**Task prompt**
An exact transcription of the entries is required, with none of the pictures carried over.

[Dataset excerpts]
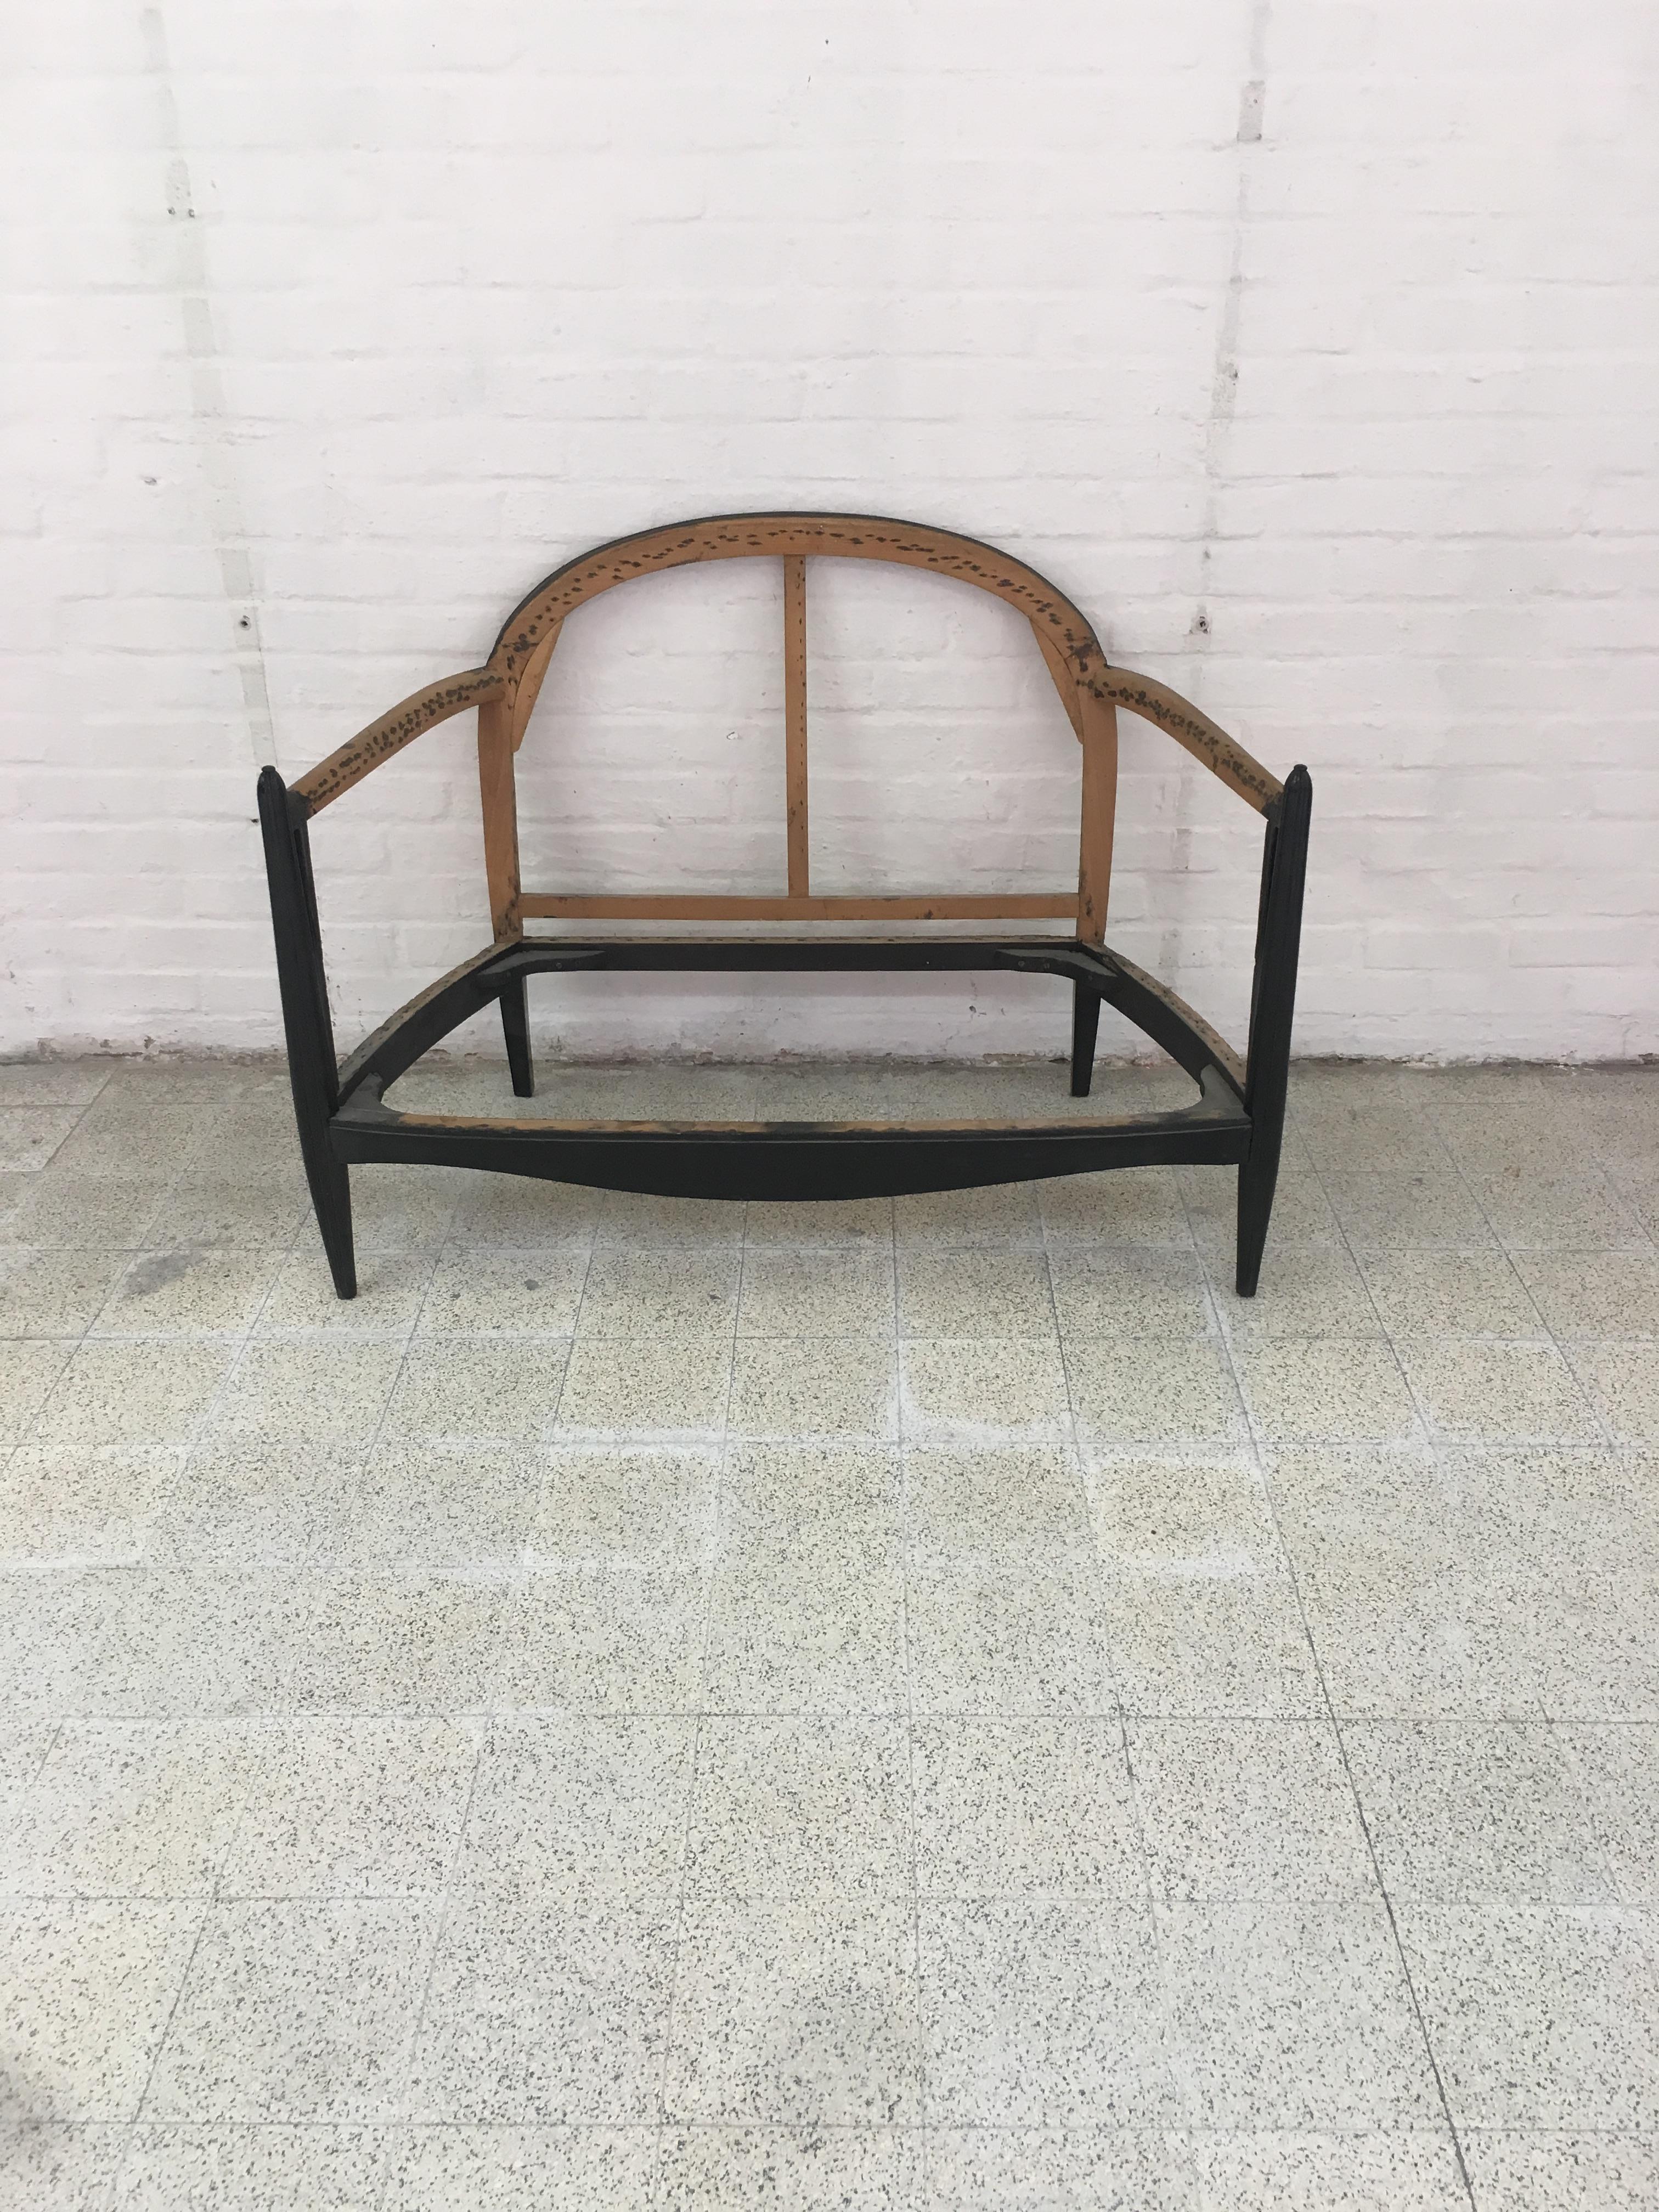 Art Deco living room in blackened wood, circa 1920-1930
Composed of a bench and 2 armchairs.
The seats have been cleared, the woods completely restored, stained black and varnished.
They are ready for a new upholstery
Measures: Armchair 80 x 60
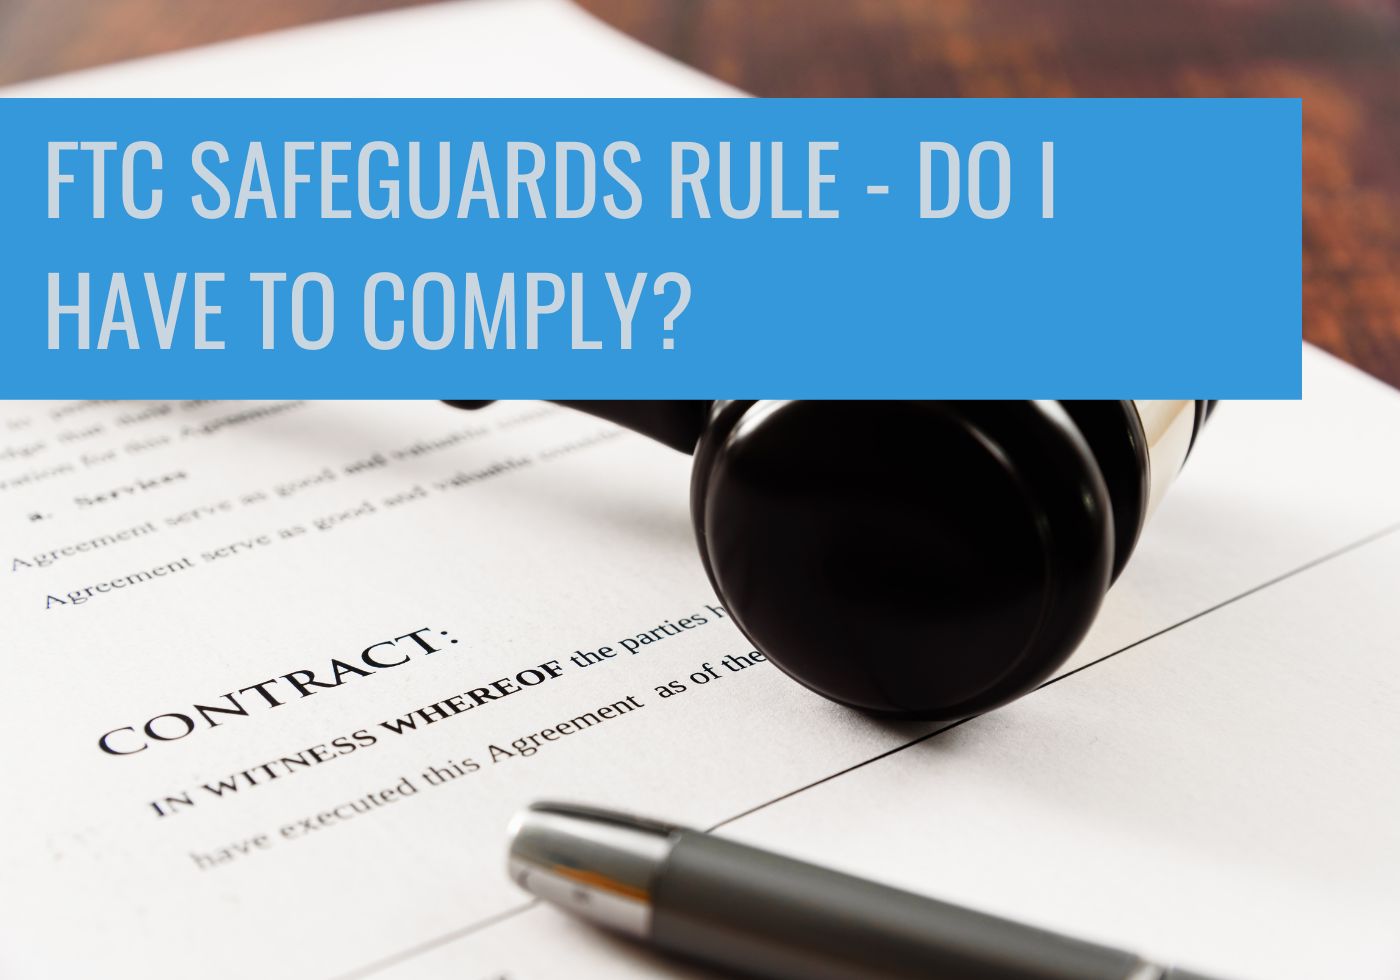 FTC Safeguards Rule Do I have to comply?
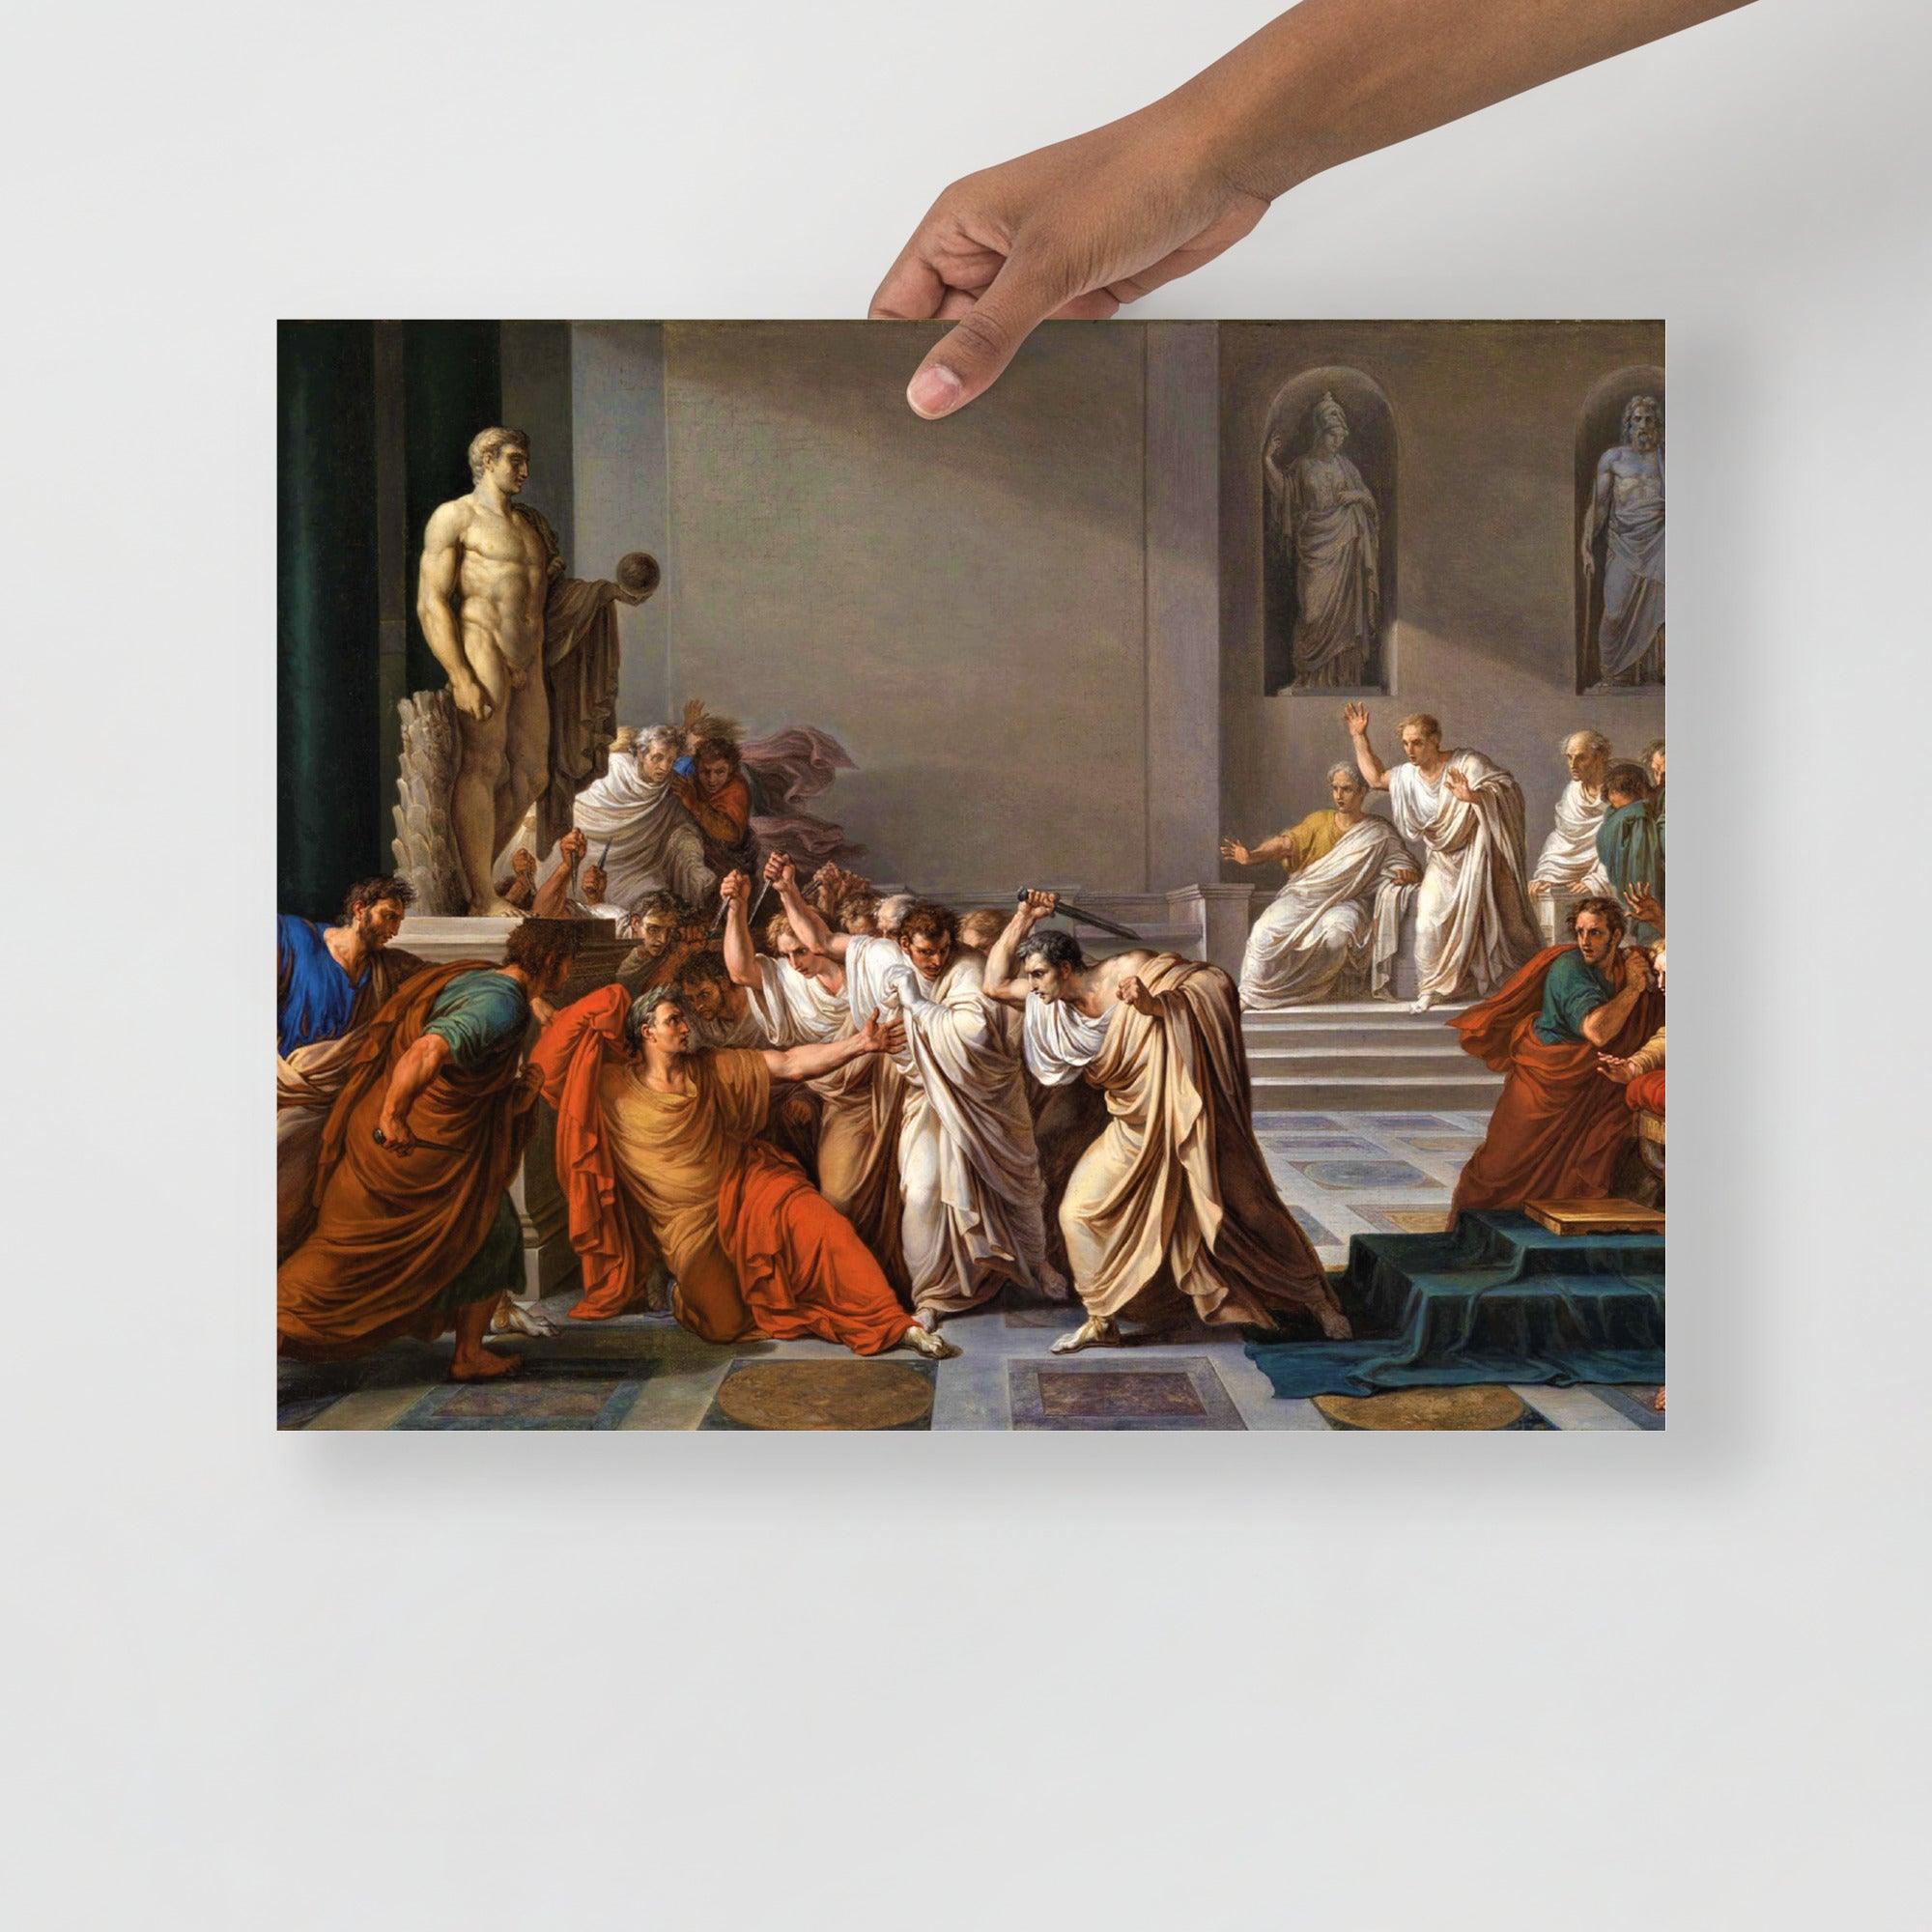 The Death of Julius Caesar by Vincenzo Camuccini poster on a plain backdrop in size 16x20”.

**Written response**
 Art Deco living room in blackened wood, circa 1920-1930
Composed of a bench and 2 armchairs.
The seats have been cleared, the woods completely restored, stained black and varnished.
They are ready for a new upholstery
Measures: Armchair 80 x 60
 FTC Safeguards Rule Do I have to comply?
 The Death of Julius Caesar by Vincenzo Camuccini poster on a plain backdrop in size 16x20”.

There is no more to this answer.